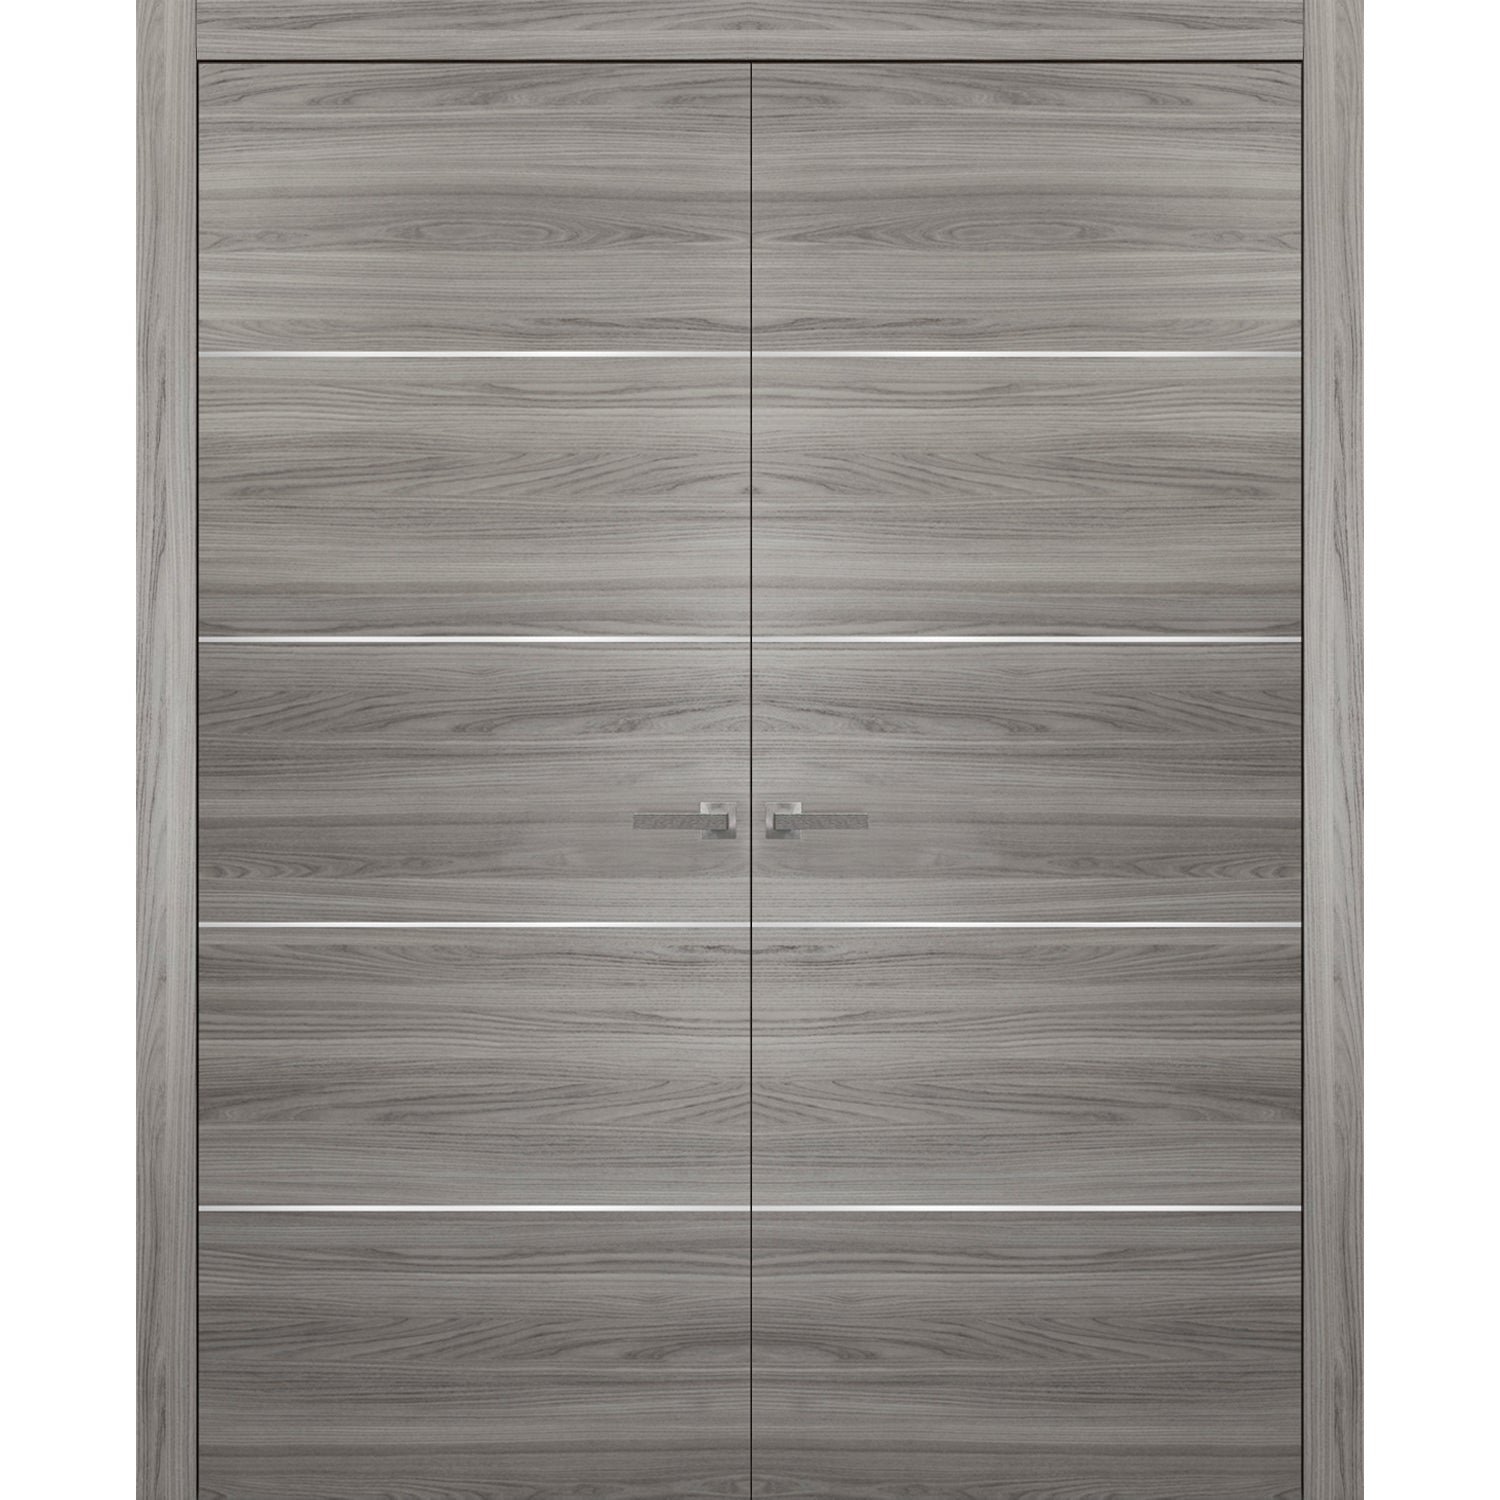 SARTODOORS Grey French Doors 84 x 84 with | Planum 0020 Ginger Ash | Frame Lever Satin Nickel Hardware | Wood Pre-hung Door
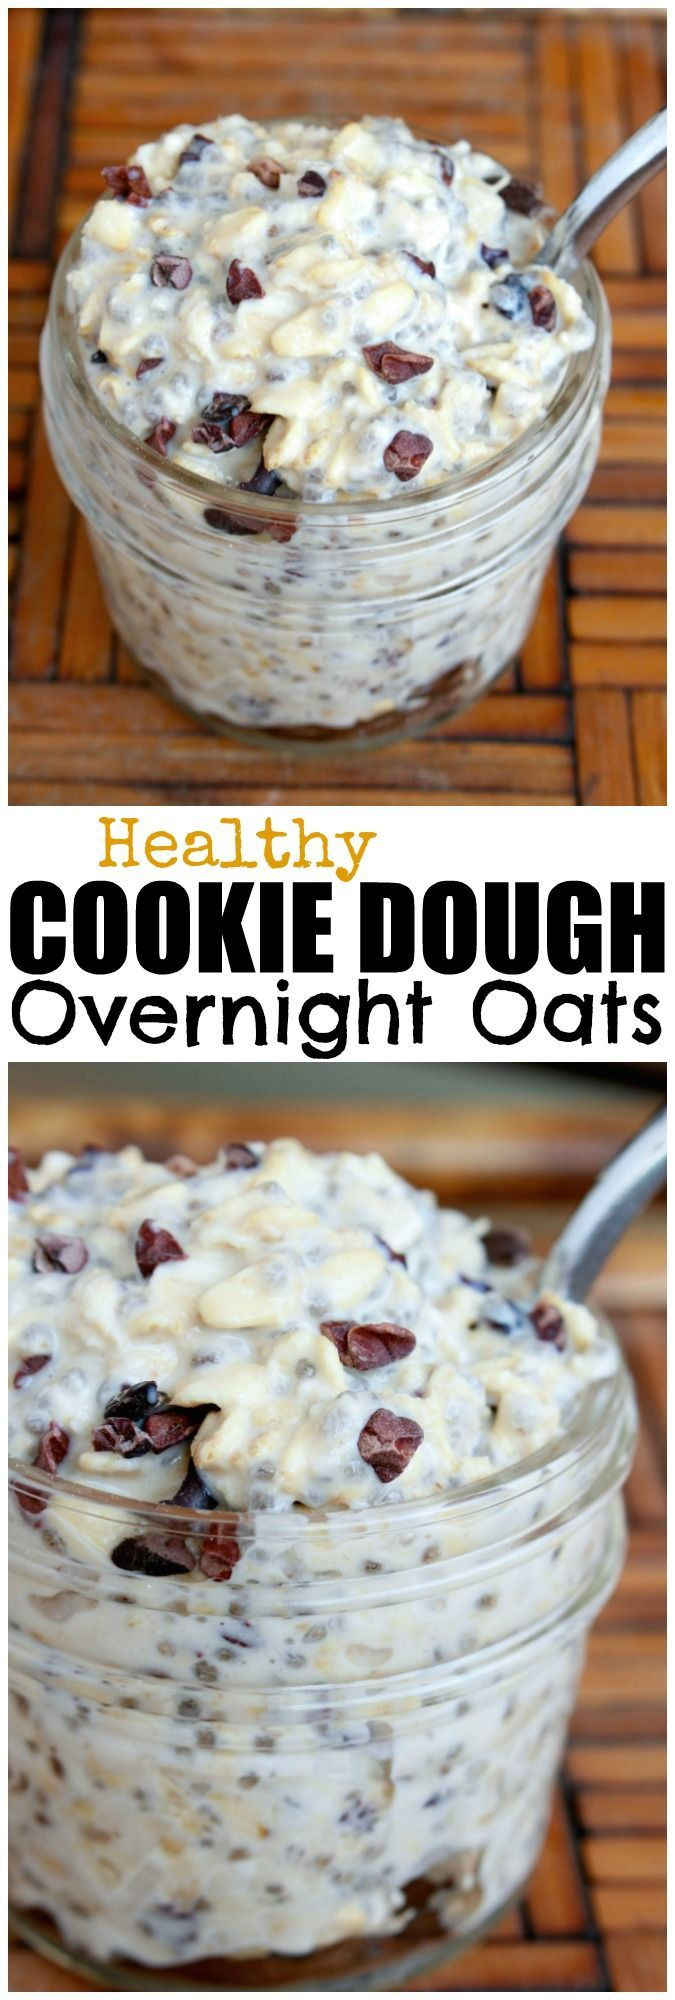 Overnight Oats Healthy
 Best 25 Healthy overnight oats ideas on Pinterest
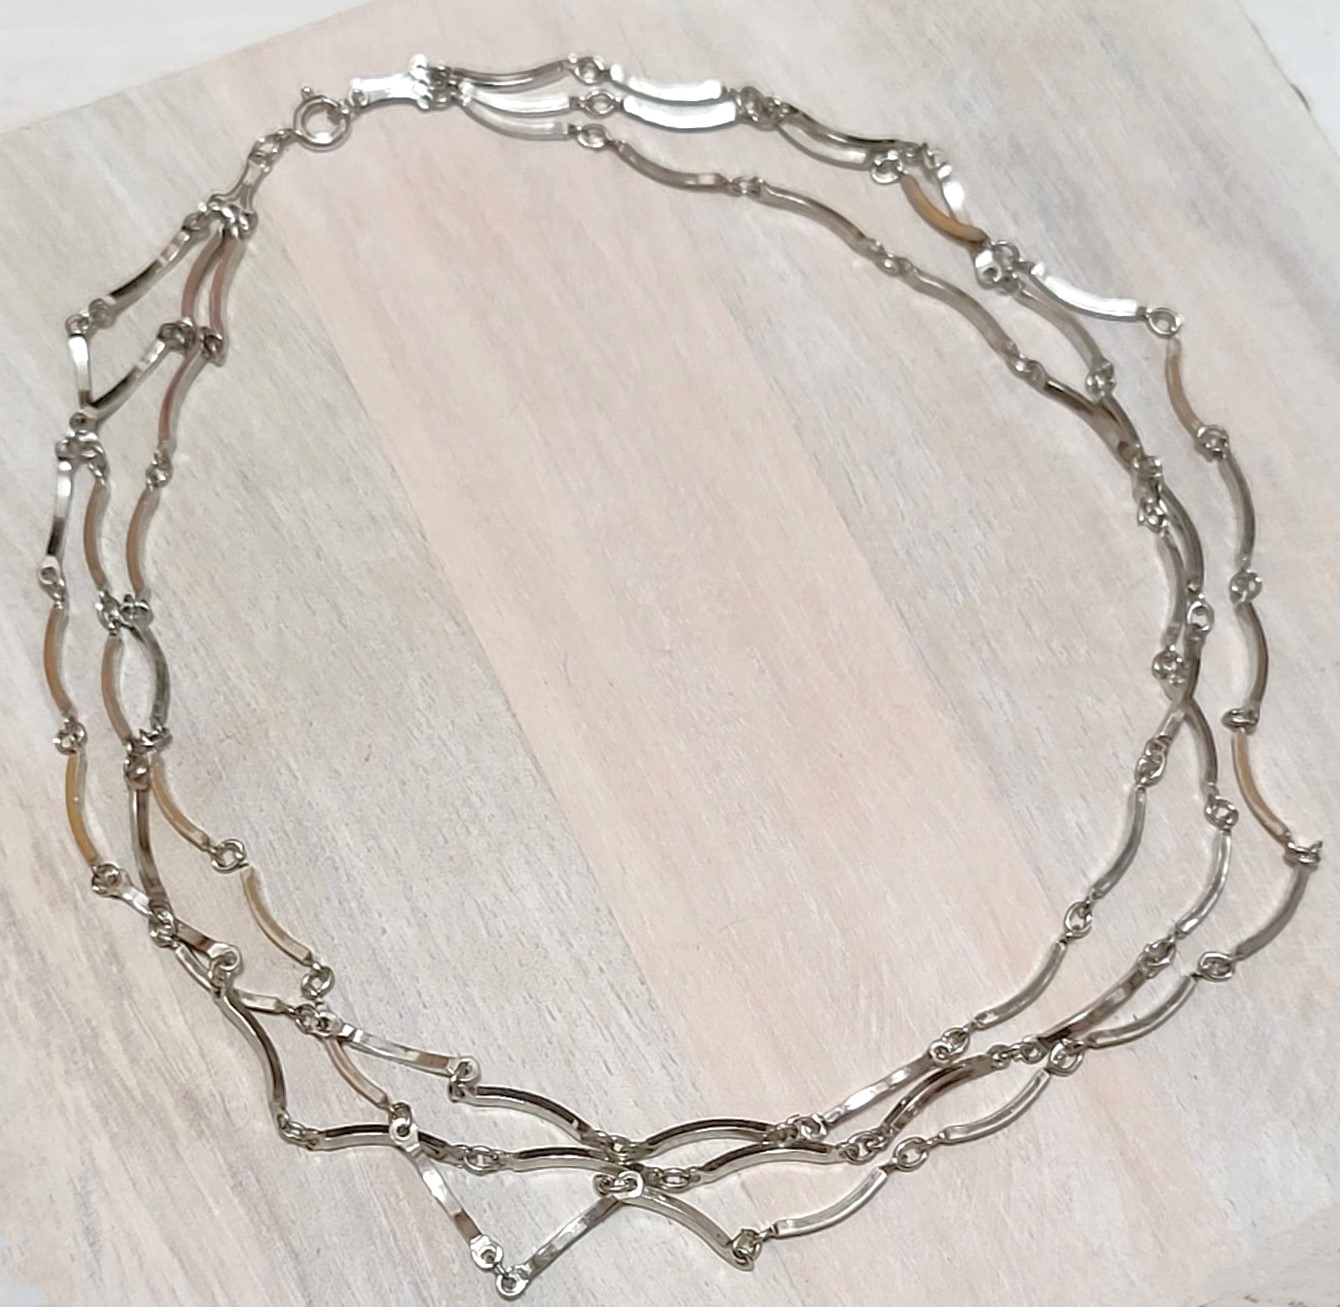 Vintage multi strand necklace, curved link in silver metal
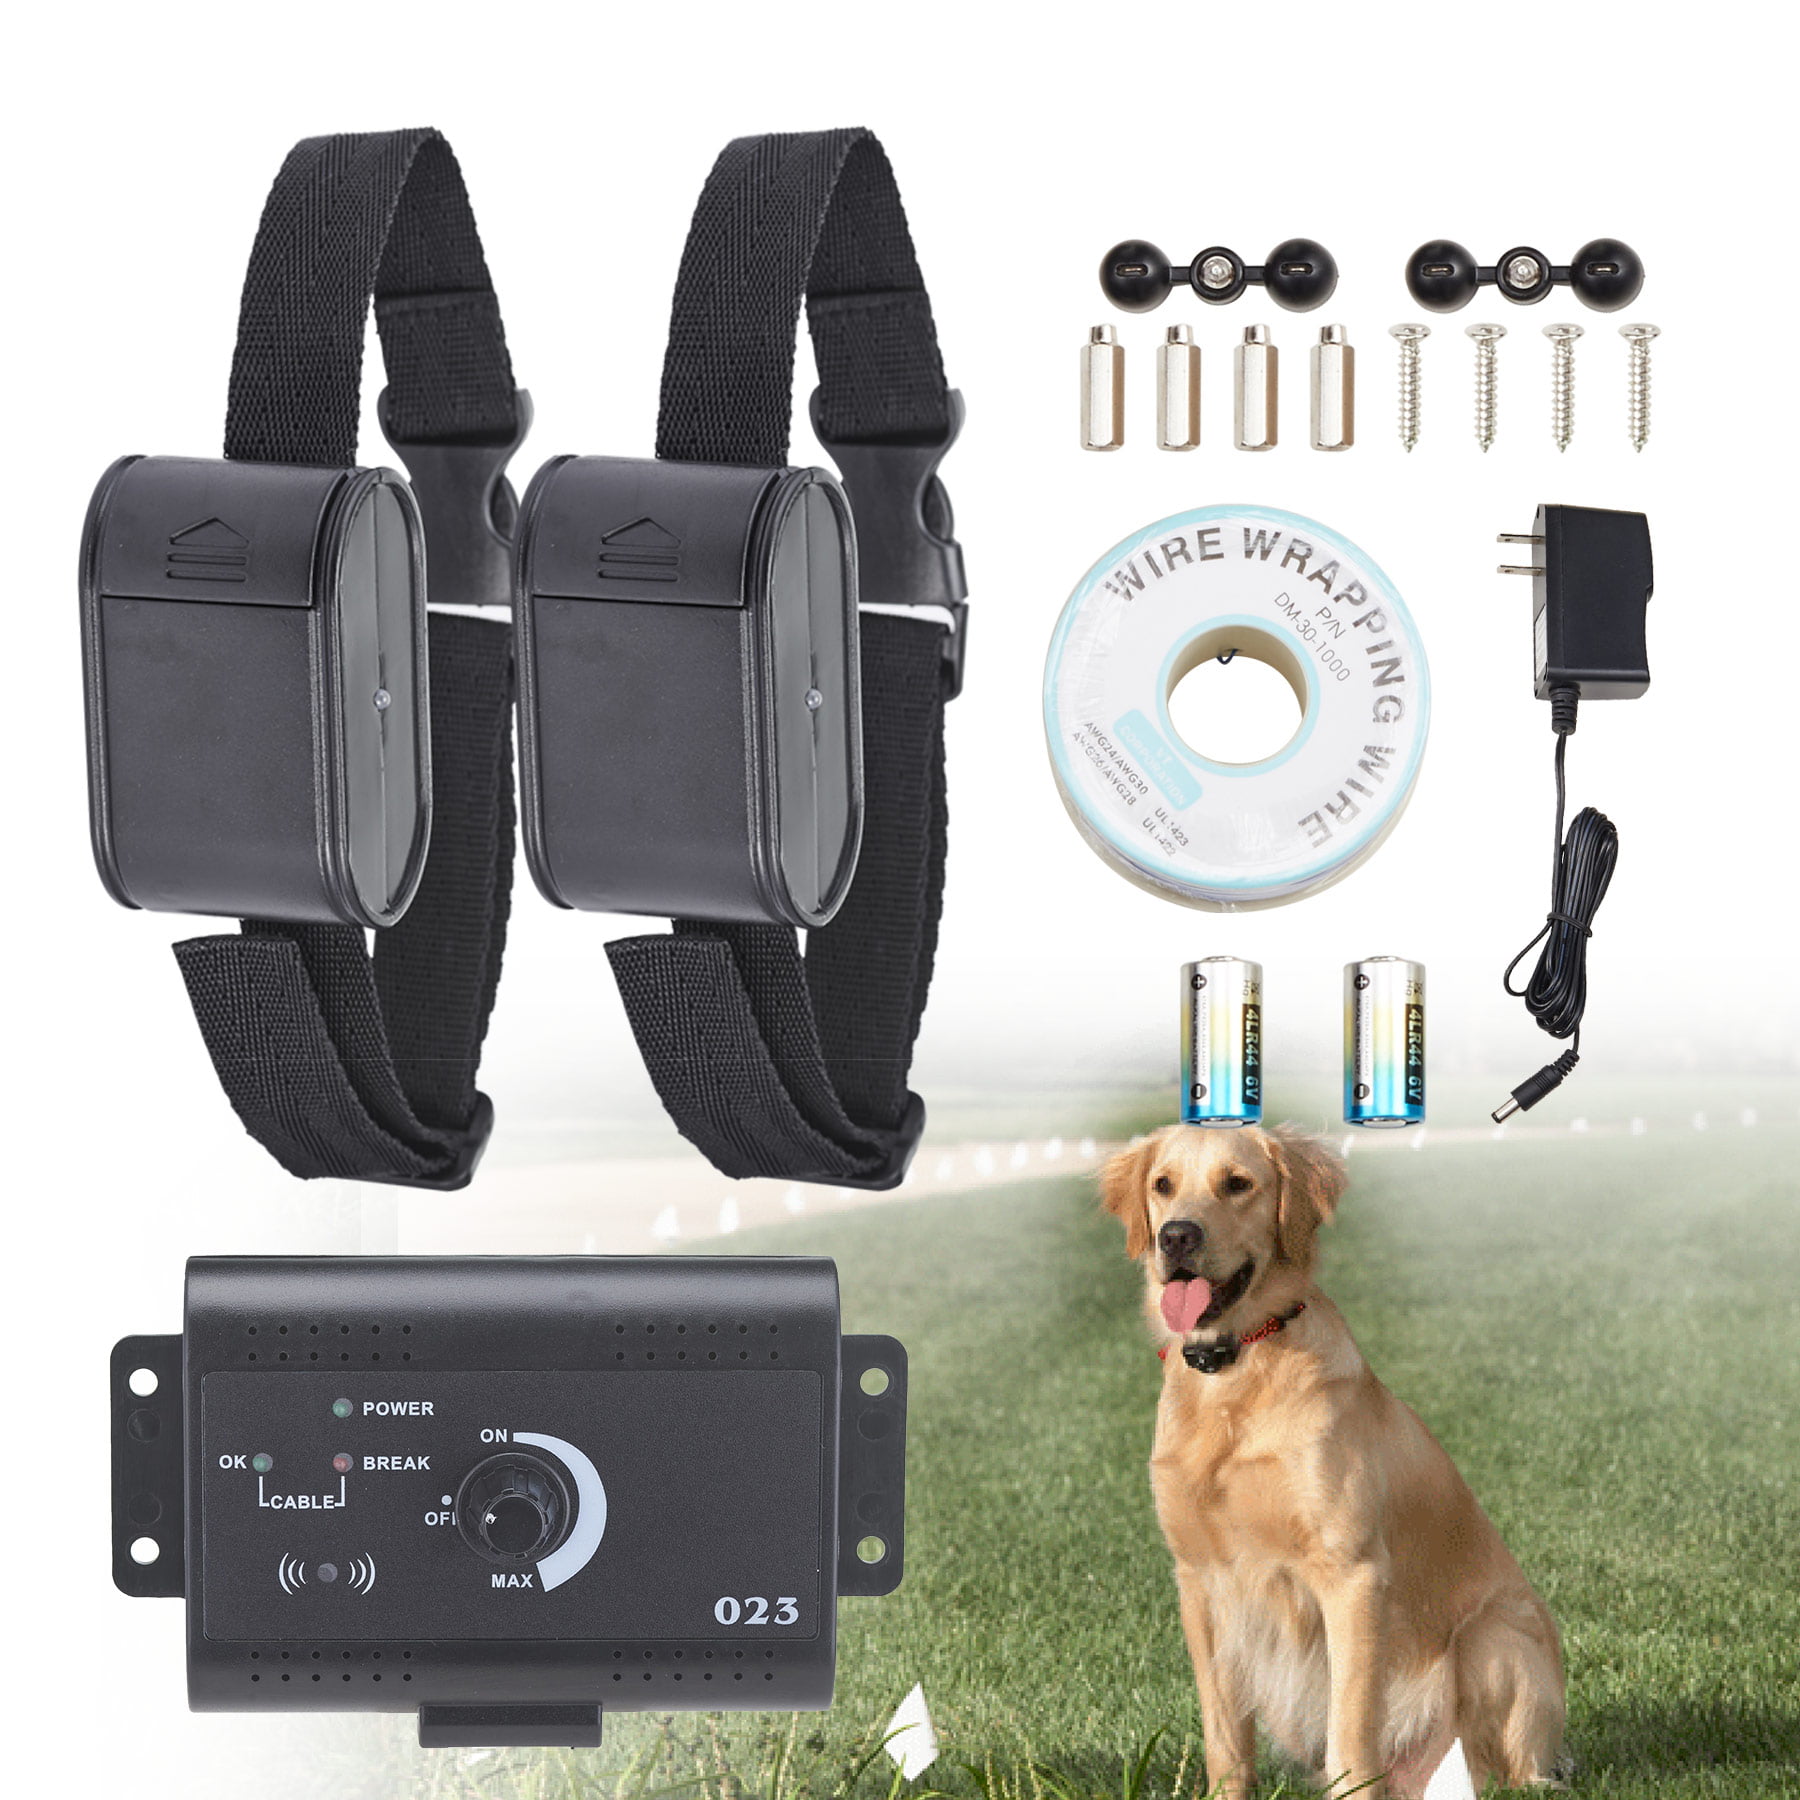 2 Dogs Underground Shock Audio Collar Dog Training Pet safe Electric Fence
================================
What the task asks ::
Produce an exact copy of the lines from the line containing "Overnight Oats Healthy" to the end of the material, both ends included, and omit every picture.

Task solution ::
 Overnight Oats Healthy
 Best 25 Healthy overnight oats ideas on Pinterest
 Vintage multi strand necklace, curved link in silver metal
 2 Dogs Underground Shock Audio Collar Dog Training Pet safe Electric Fence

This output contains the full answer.